15:05:39 <carl_baldwin> Etherpad has a lot of info on it.
15:05:59 <haleyb> https://etherpad.openstack.org/p/newton-neutron-midcycle-workitems
15:06:00 <tidwellr> I asked because I didn't see much other than travel info in the etherpad
15:06:10 <haleyb> tidwellr: ^^
15:06:11 <tidwellr> ah, that's the one I was looking for
15:06:32 <carl_baldwin> You're right. I might have been thinking of another page.

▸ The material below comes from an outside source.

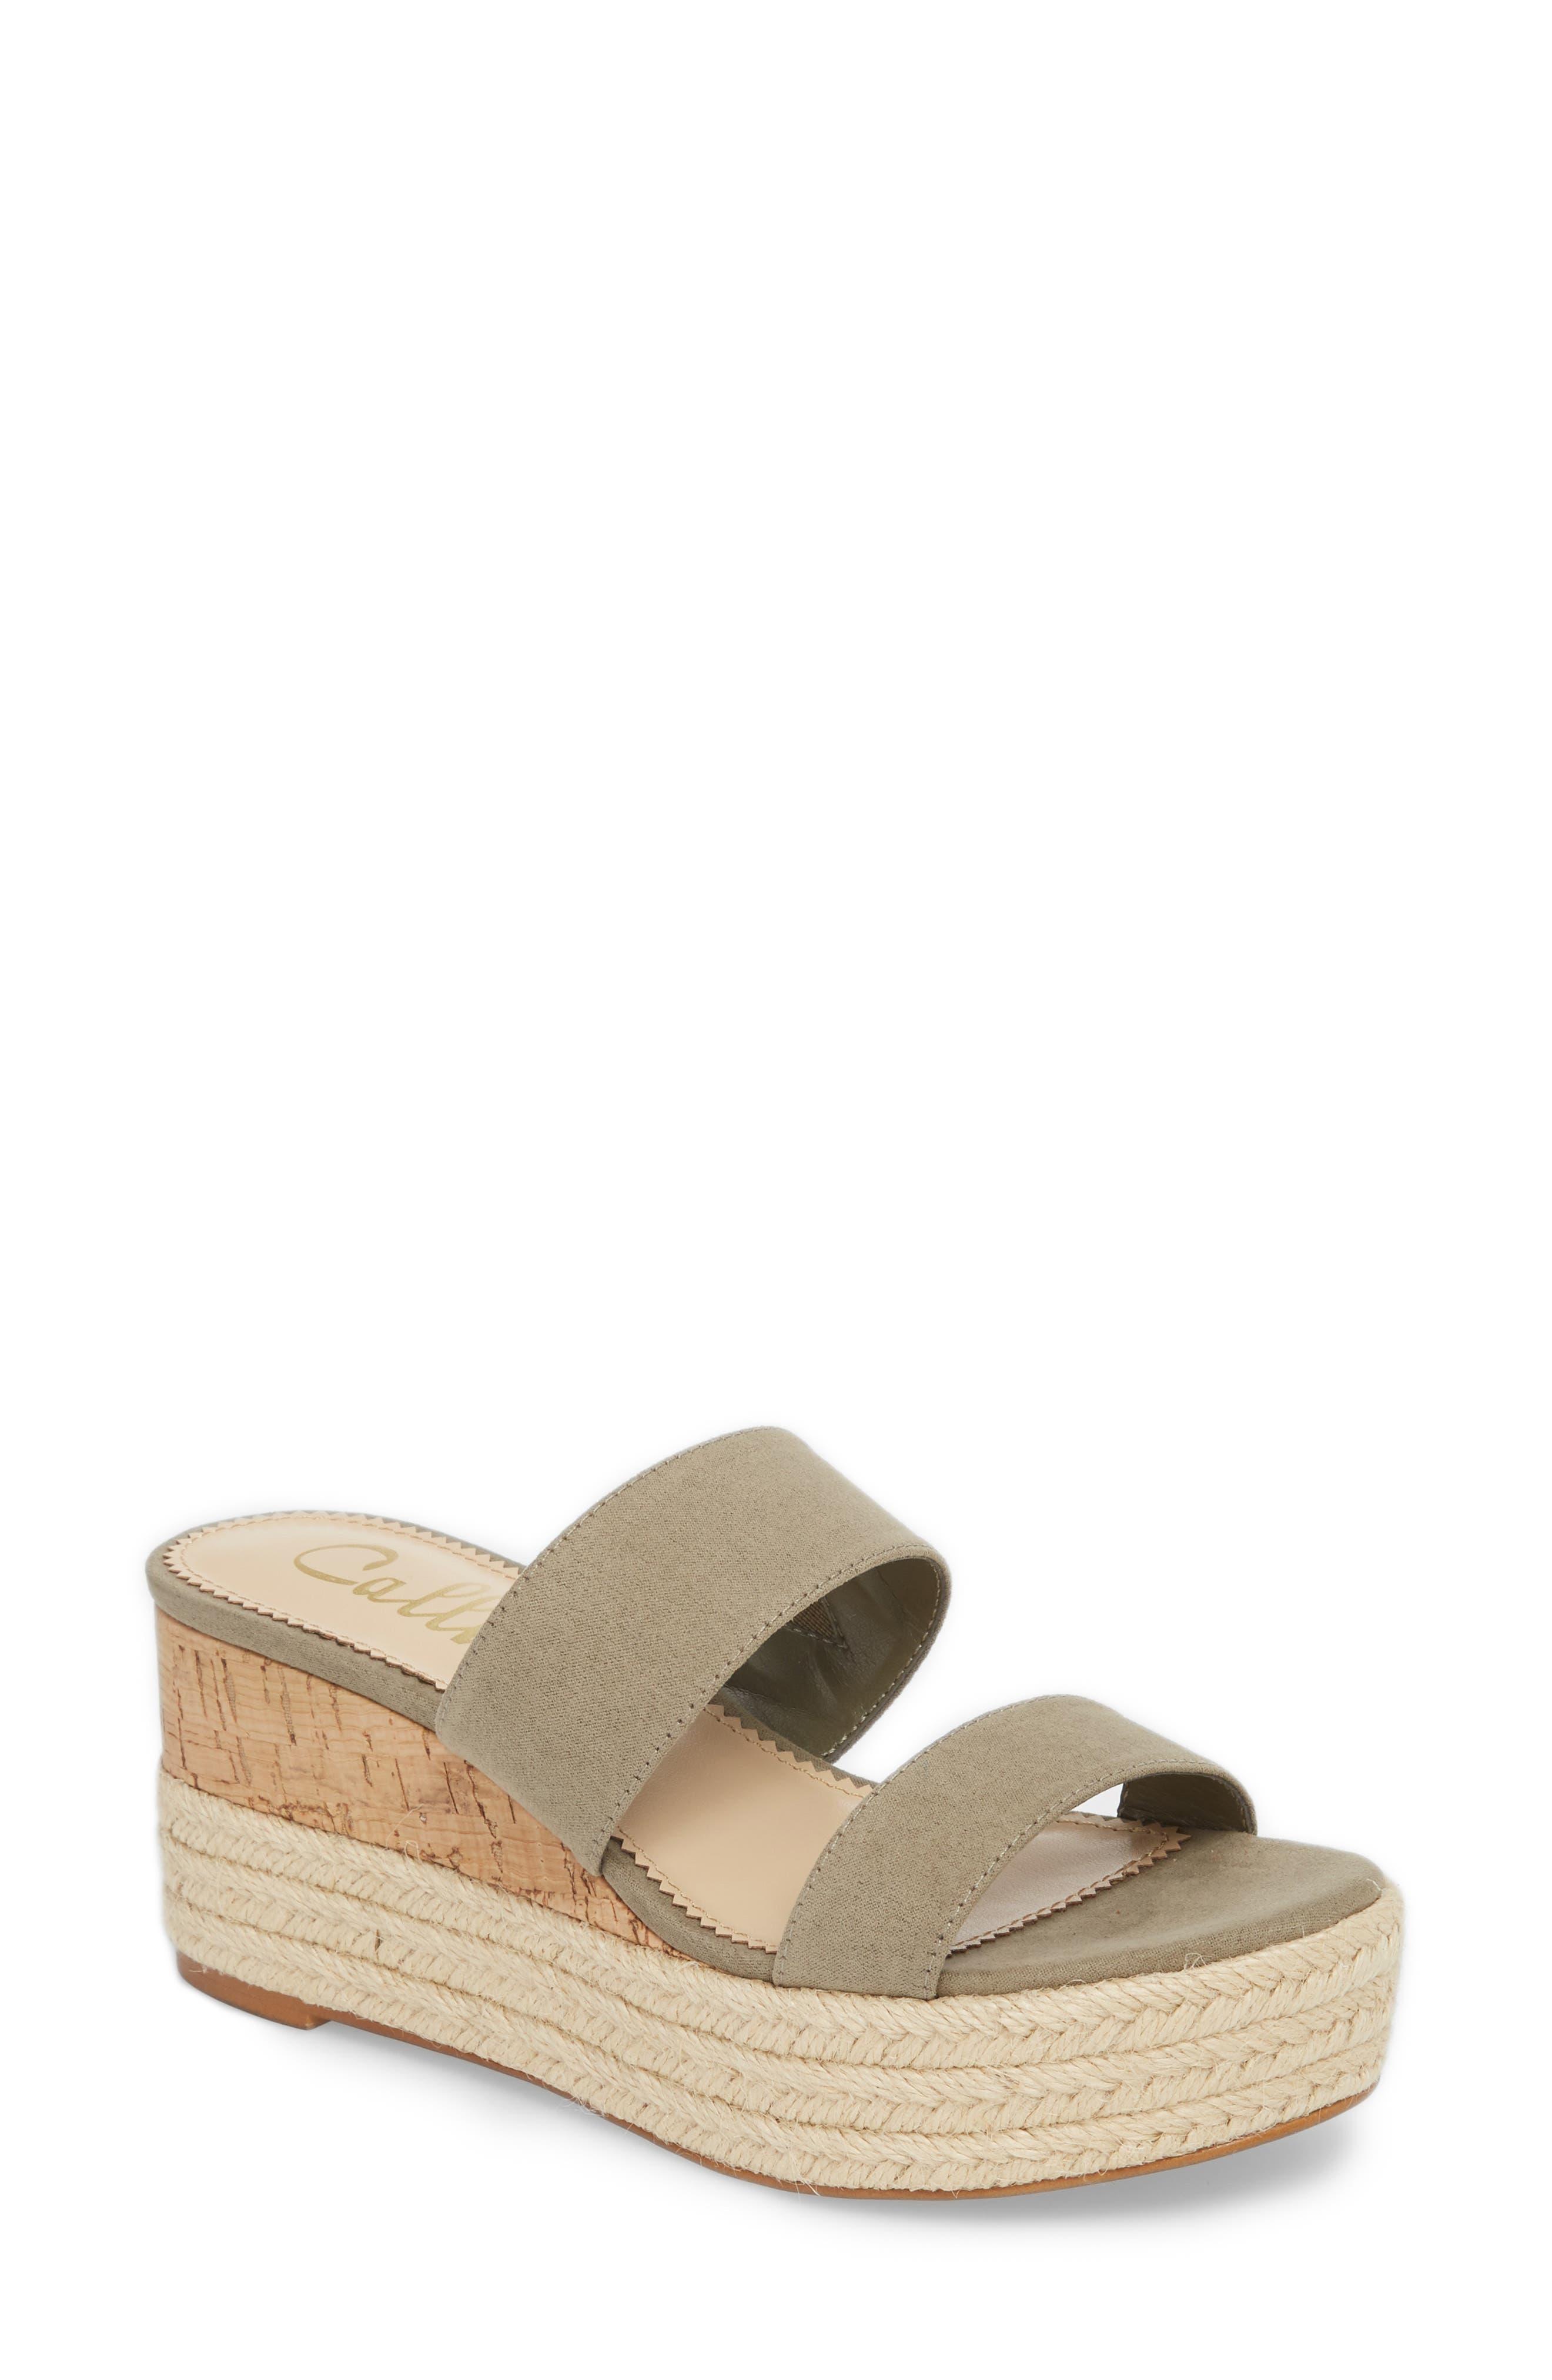 Foundation Platform Slide Sandal,                             Main thumbnail 1, color,                             Sage Suede

15:06:34 <john-davidge> ah, haleyb beat me to it
15:06:47 <haleyb> and seeing the inside of pubs is a work item for some
15:06:49 <carl_baldwin> Yep, that page.
15:07:22 <carl_baldwin> The two should be cross-linked.
15:07:51 <mlavalle> haleyb: you not going?

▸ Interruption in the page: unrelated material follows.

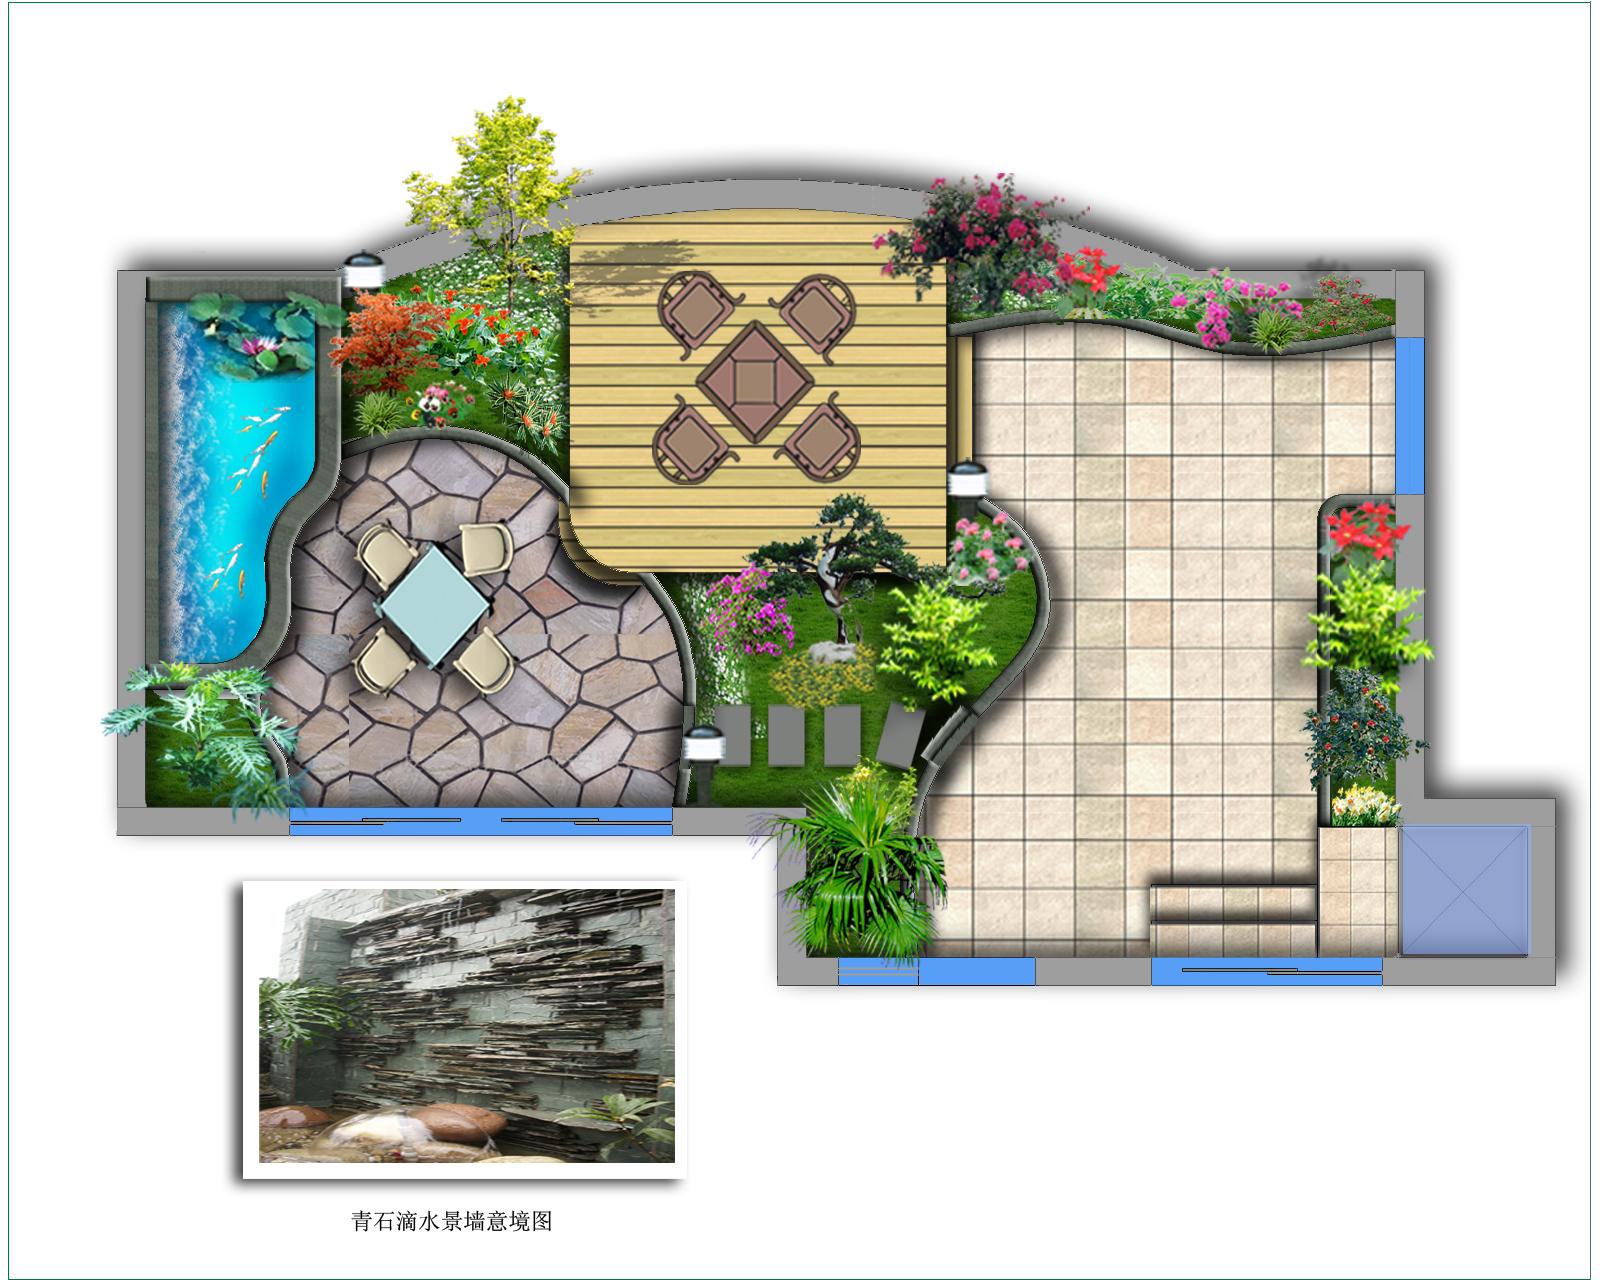 4月主题:屋顶花园

15:08:48 <haleyb> mlavalle: no, on vacation with family that week, although i'll try to be online for some
15:09:13 <mlavalle> :-(
15:09:34 <mlavalle> Enjoy the vacation though!
15:09:48 <haleyb> yes, i tried to have the vacation moved to IE
15:10:39 <tidwellr> any more announcements?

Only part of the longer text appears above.